*Exercise brief*:
Would you copy exactly the lines in the data below from the one that has "The Amazonian rainforest in Ecuador" through the one that has "Marmor-Wandregal Porter, Regalboden: Marmor, Weißer", dropping any pictures?

*Record excerpts*:
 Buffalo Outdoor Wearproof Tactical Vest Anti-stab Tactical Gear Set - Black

==

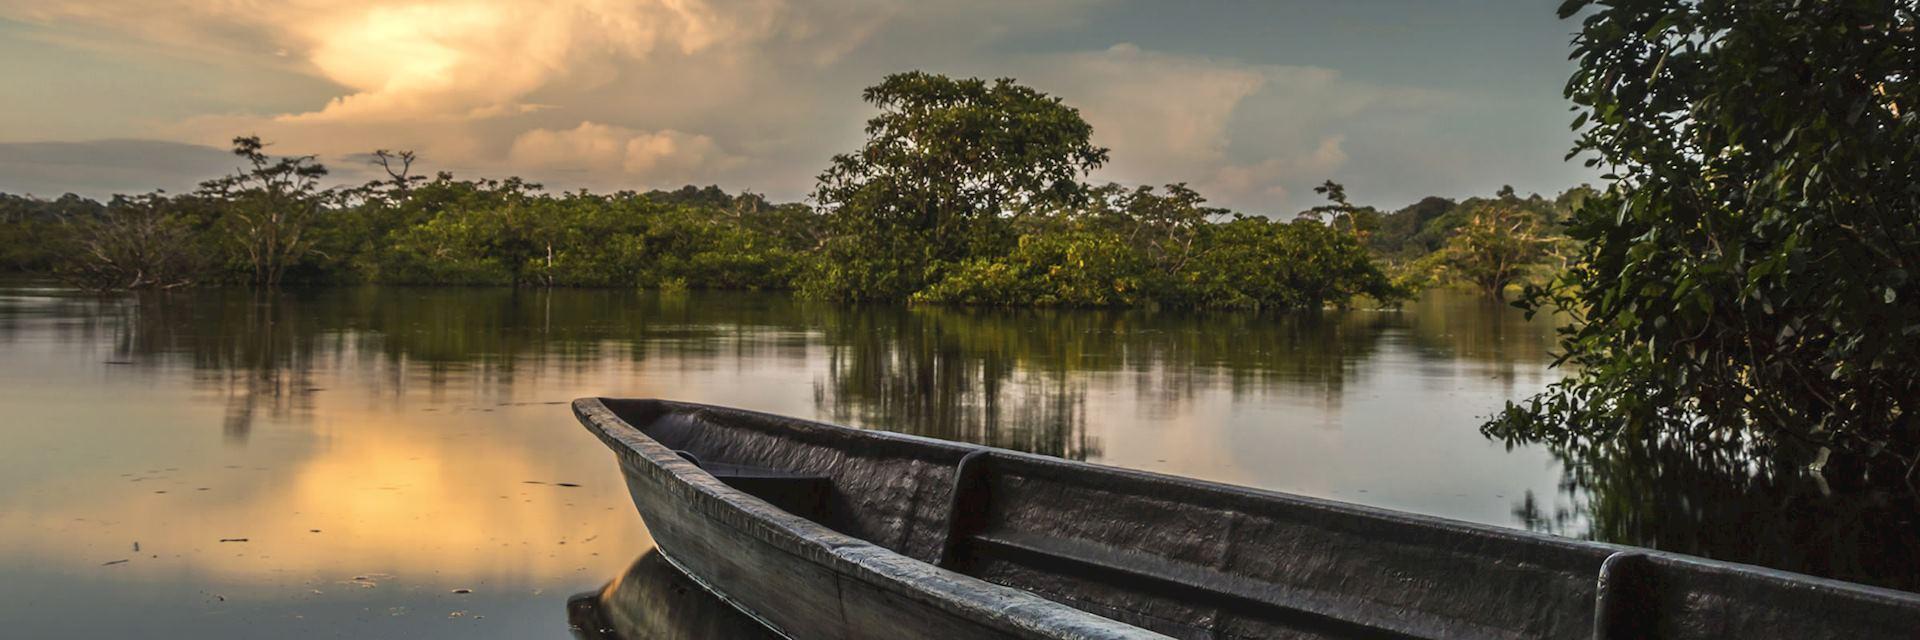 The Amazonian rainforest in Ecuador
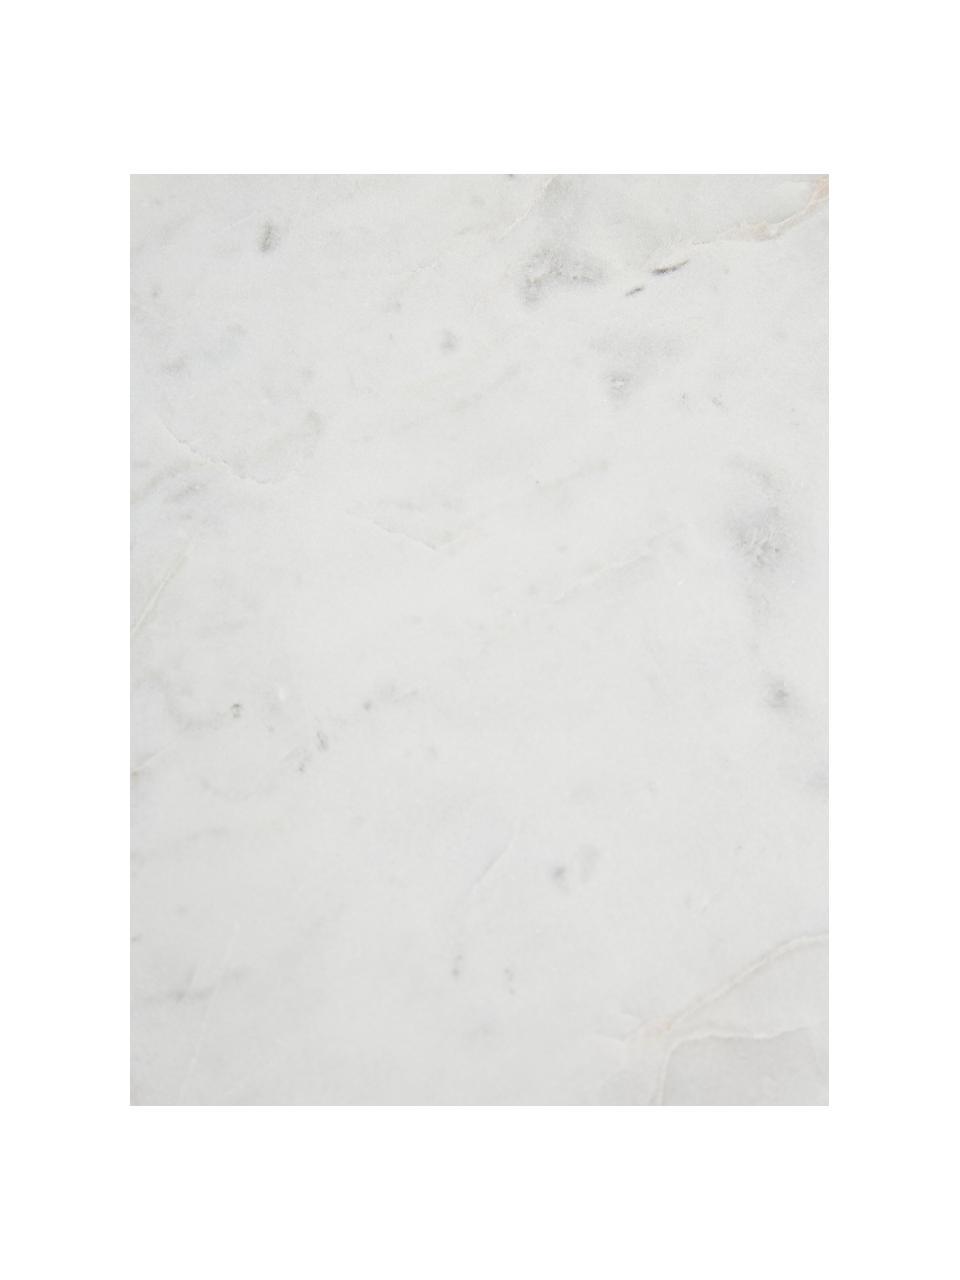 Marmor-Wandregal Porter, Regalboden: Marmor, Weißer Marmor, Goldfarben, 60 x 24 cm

* * *

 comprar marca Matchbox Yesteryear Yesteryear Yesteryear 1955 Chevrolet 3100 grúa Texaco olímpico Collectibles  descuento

*Exercise result*:
 The Amazonian rainforest in Ecuador
 Marmor-Wandregal Porter, Regalboden: Marmor, Weißer Marmor, Goldfarben, 60 x 24 cm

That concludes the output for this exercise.